> Given data:
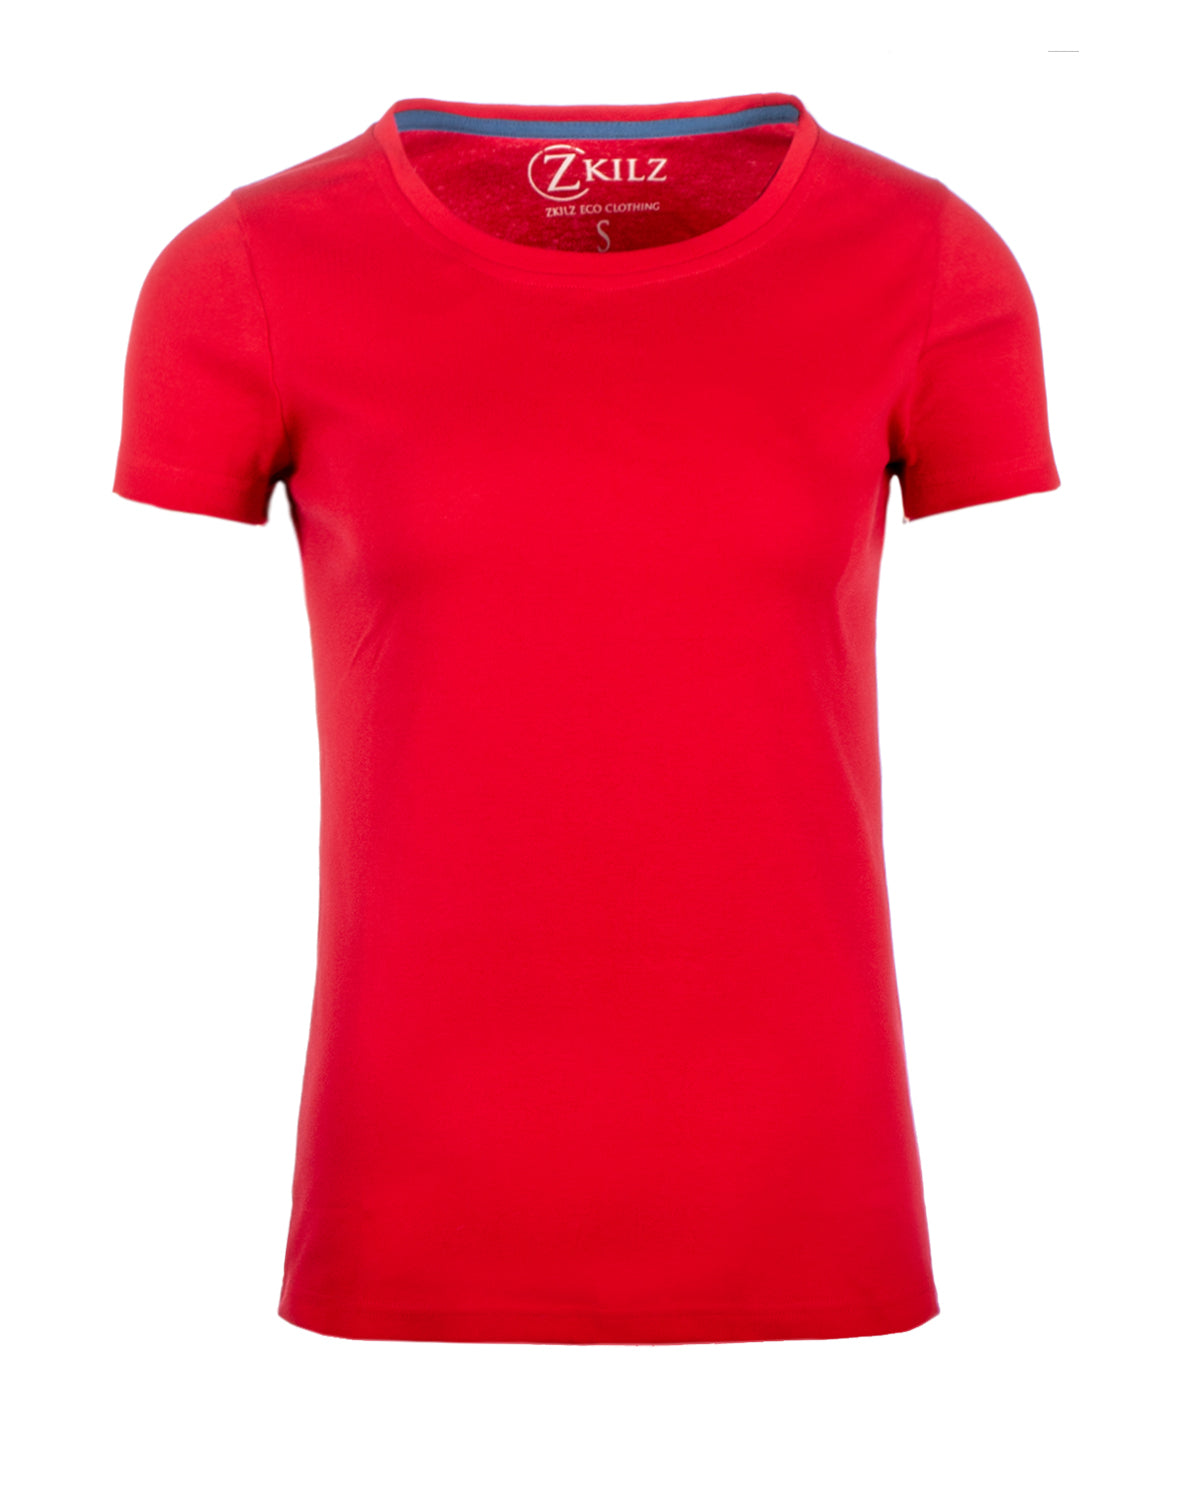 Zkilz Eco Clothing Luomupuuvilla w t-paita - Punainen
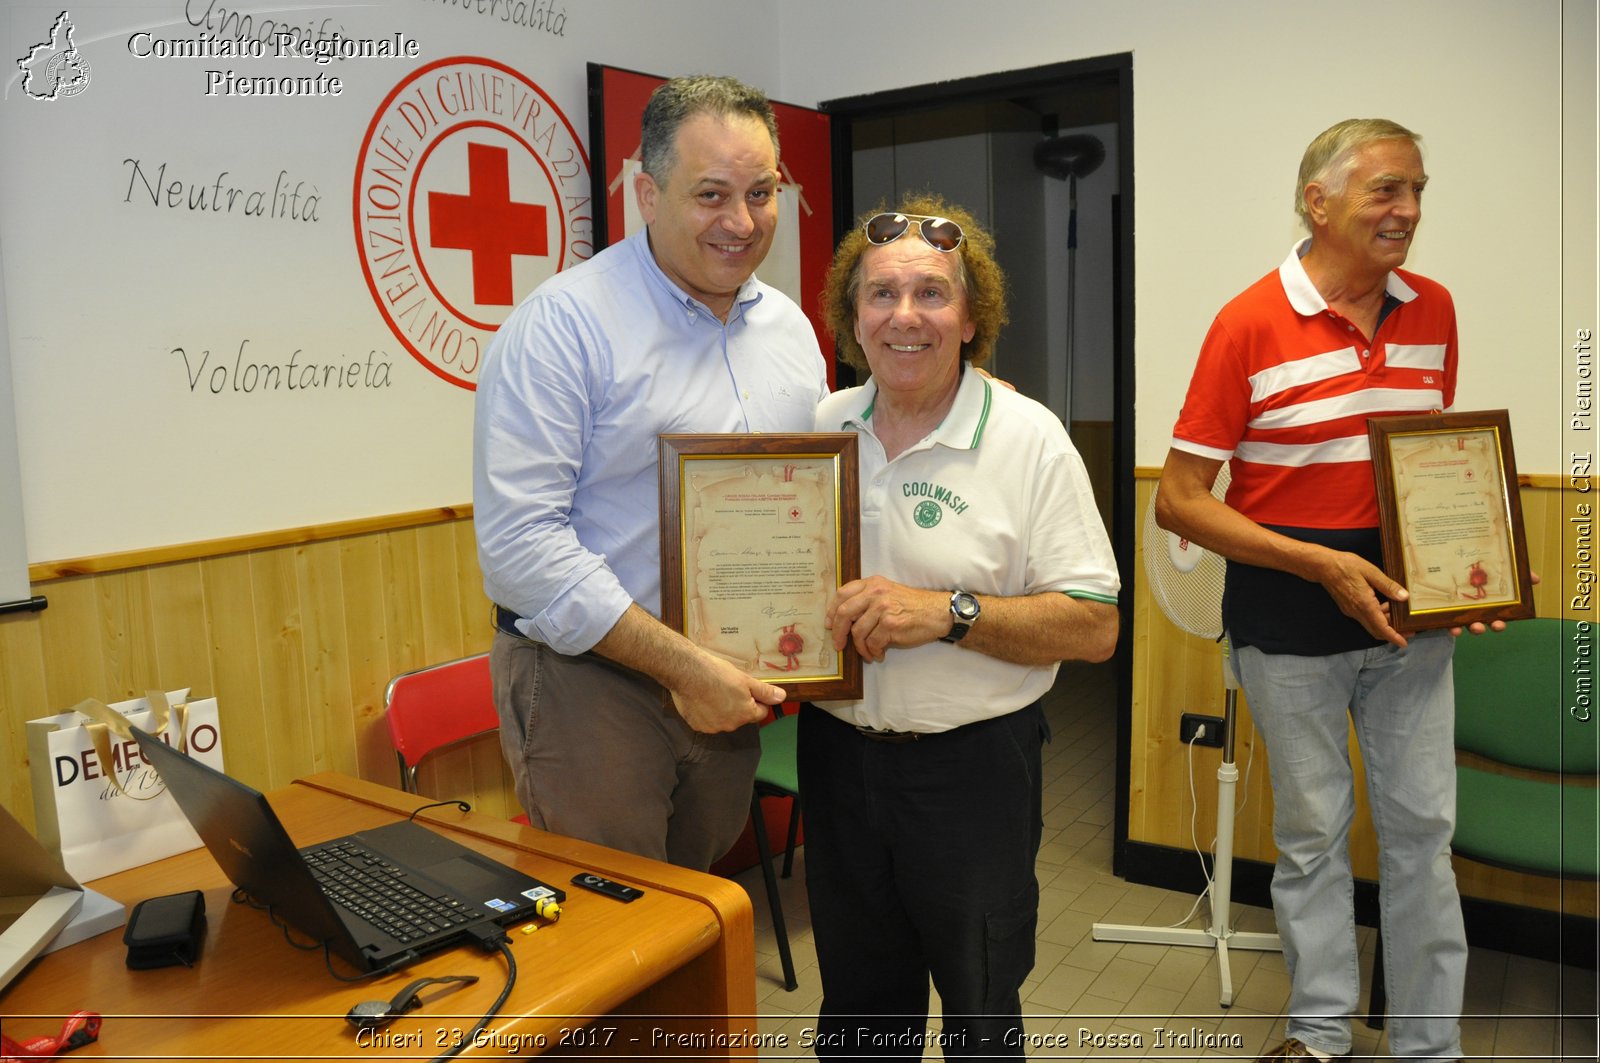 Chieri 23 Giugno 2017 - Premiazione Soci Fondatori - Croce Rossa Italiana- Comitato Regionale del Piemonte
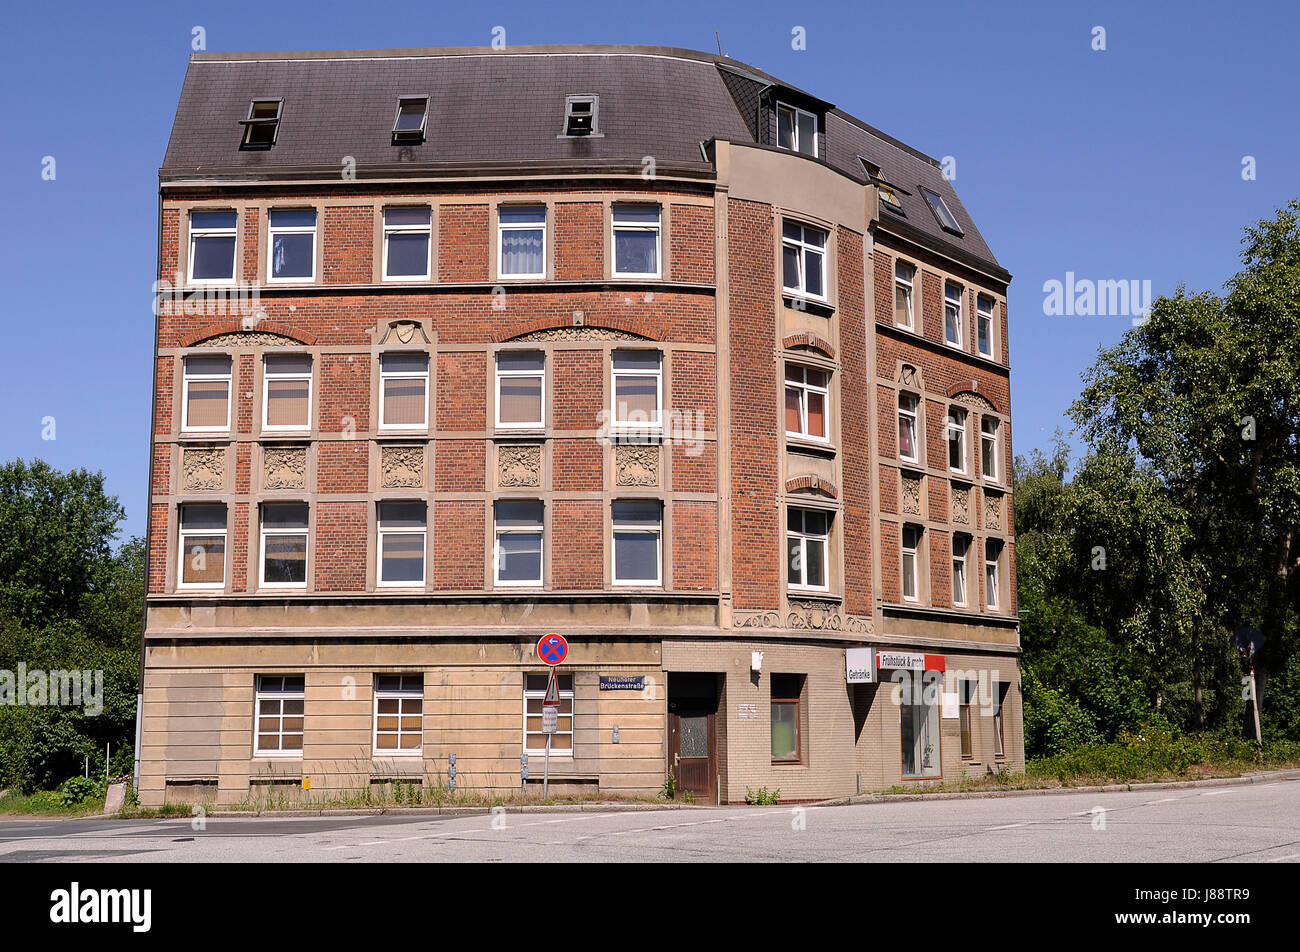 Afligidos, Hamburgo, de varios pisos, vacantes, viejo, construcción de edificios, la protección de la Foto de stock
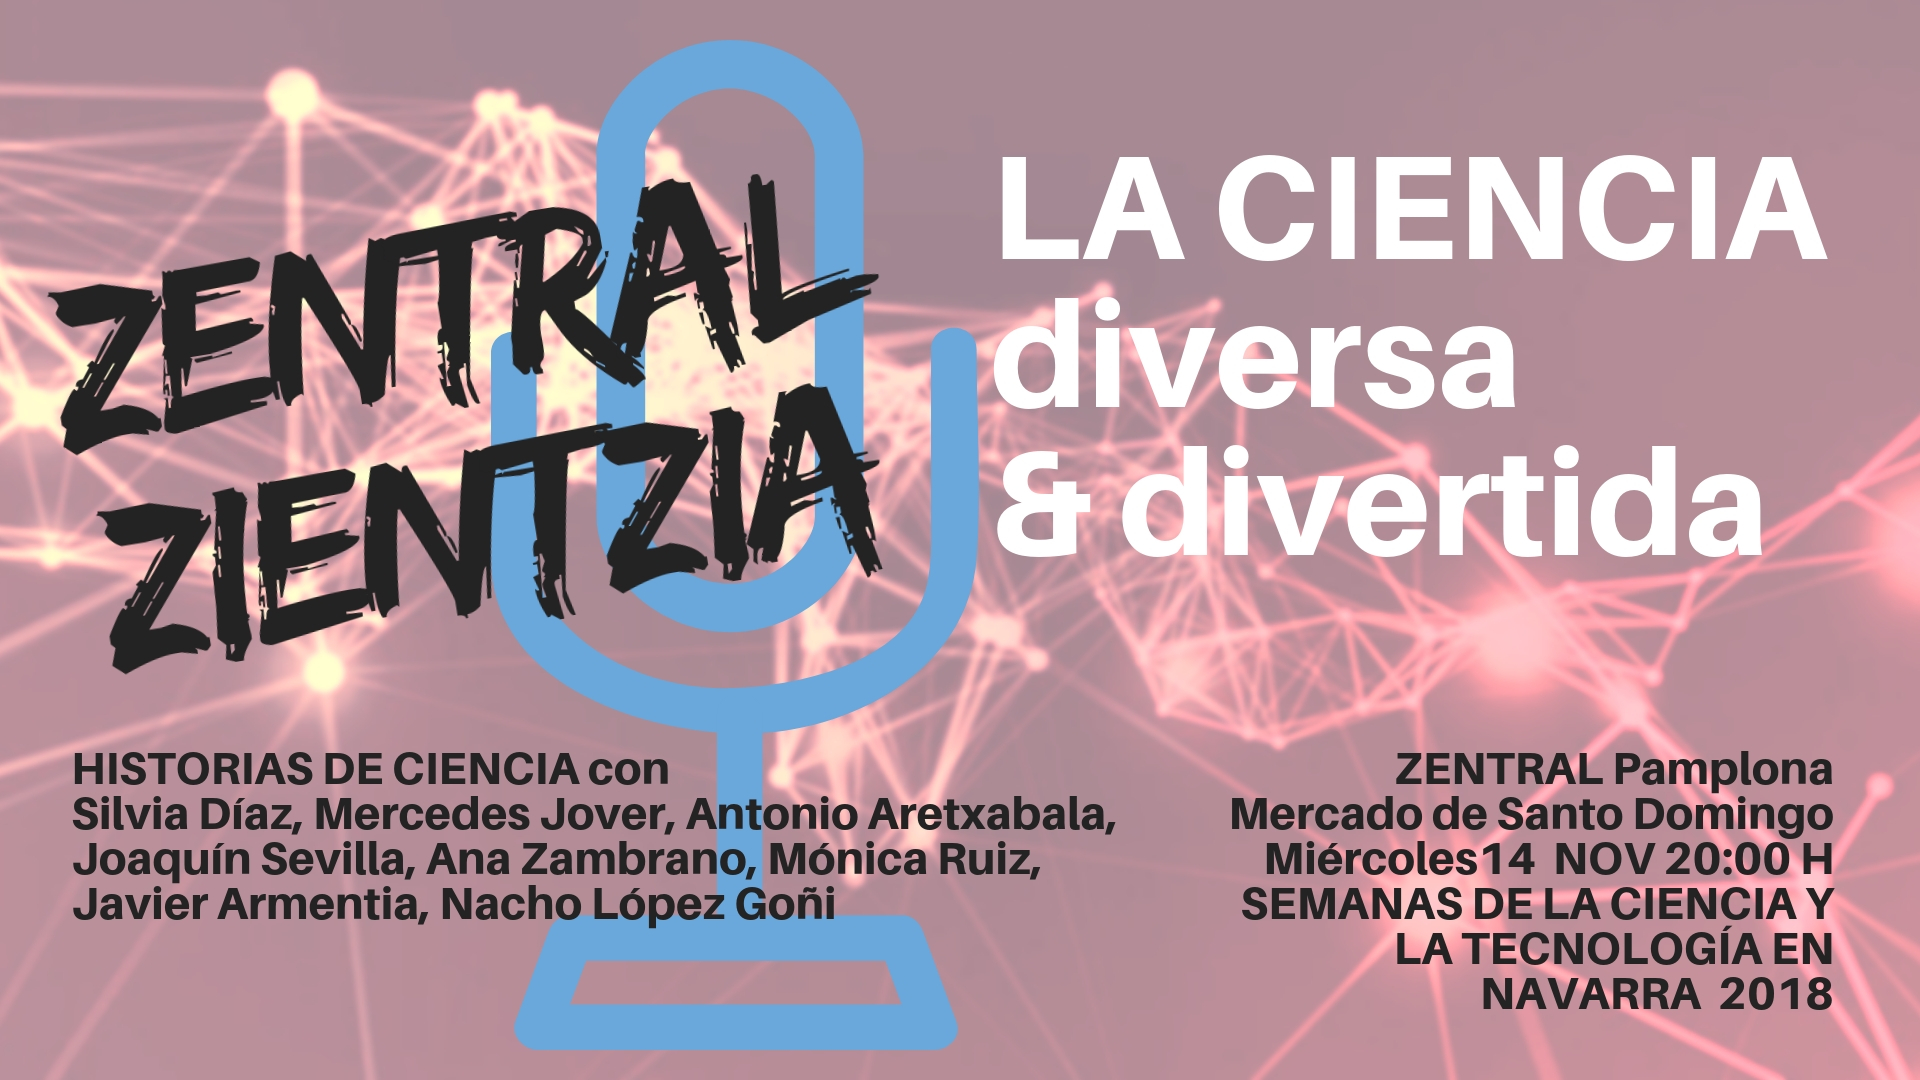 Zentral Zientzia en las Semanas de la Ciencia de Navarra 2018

> Goal of the exercise:
Any images must be left out; transcribe the rest of the material exactly.

> Response to the task:
 Zkilz Eco Clothing Luomupuuvilla w t-paita - Punainen
 Chieri 23 Giugno 2017 - Premiazione Soci Fondatori - Croce Rossa Italiana- Comitato Regionale del Piemonte
 Afligidos, Hamburgo, de varios pisos, vacantes, viejo, construcción de edificios, la protección de la Foto de stock
 Zentral Zientzia en las Semanas de la Ciencia de Navarra 2018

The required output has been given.